Stored entries
---+---
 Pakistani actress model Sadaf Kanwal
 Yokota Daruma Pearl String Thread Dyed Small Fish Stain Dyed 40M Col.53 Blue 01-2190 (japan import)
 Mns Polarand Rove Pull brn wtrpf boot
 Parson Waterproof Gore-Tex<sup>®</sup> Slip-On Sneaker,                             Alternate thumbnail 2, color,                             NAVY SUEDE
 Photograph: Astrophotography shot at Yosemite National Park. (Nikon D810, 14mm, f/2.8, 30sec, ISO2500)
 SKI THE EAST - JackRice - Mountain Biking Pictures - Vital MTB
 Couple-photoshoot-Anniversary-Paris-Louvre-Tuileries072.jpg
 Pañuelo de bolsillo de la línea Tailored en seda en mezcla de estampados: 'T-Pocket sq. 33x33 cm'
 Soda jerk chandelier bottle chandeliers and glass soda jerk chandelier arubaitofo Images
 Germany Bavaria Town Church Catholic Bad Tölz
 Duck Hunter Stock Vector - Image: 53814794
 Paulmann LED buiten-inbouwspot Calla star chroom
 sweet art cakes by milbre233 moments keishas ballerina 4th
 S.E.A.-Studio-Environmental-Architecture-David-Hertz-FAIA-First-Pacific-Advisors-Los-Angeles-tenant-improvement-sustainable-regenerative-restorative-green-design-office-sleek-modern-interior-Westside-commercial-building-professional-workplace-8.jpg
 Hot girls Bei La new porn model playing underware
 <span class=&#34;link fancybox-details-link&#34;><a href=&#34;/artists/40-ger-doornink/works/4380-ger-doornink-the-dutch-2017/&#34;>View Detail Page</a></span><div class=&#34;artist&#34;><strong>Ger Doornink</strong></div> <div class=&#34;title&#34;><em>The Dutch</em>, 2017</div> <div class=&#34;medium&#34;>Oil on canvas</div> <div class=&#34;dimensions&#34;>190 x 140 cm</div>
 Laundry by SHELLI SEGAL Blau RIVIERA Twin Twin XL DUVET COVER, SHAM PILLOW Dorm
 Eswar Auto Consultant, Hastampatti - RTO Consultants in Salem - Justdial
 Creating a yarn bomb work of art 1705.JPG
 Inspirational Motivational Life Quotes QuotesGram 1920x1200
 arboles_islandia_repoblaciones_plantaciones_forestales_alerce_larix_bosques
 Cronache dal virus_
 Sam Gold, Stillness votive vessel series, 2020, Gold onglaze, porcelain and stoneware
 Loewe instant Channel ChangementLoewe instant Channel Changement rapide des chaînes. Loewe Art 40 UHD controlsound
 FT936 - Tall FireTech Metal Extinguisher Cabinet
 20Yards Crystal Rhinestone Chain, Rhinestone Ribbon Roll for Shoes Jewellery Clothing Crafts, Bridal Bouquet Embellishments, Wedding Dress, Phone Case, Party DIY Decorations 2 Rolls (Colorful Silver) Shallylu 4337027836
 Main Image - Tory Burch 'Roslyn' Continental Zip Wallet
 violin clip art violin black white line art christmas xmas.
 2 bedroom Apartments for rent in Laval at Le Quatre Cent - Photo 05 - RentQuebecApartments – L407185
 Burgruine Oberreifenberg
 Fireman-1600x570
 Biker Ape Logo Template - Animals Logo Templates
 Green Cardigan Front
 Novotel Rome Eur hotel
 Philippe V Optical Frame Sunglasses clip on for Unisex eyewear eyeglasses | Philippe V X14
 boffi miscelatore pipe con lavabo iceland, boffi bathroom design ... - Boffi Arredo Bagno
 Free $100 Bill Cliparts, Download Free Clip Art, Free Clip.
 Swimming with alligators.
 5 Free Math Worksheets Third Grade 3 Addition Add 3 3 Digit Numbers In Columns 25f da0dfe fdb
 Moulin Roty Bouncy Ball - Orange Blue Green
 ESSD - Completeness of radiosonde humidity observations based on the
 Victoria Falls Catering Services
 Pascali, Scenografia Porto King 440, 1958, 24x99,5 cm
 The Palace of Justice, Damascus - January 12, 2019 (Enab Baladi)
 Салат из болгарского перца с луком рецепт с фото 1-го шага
---+---
- [What is required]:
The output should be exactly the lines above from the line containing "Couple-photoshoot-Anniversary-Paris-Louvre-Tuileries072.jpg" to the line containing "Duck Hunter Stock Vector - Image: 53814794", inclusive, with no other lines.

- [Completed task]:
 Couple-photoshoot-Anniversary-Paris-Louvre-Tuileries072.jpg
 Pañuelo de bolsillo de la línea Tailored en seda en mezcla de estampados: 'T-Pocket sq. 33x33 cm'
 Soda jerk chandelier bottle chandeliers and glass soda jerk chandelier arubaitofo Images
 Germany Bavaria Town Church Catholic Bad Tölz
 Duck Hunter Stock Vector - Image: 53814794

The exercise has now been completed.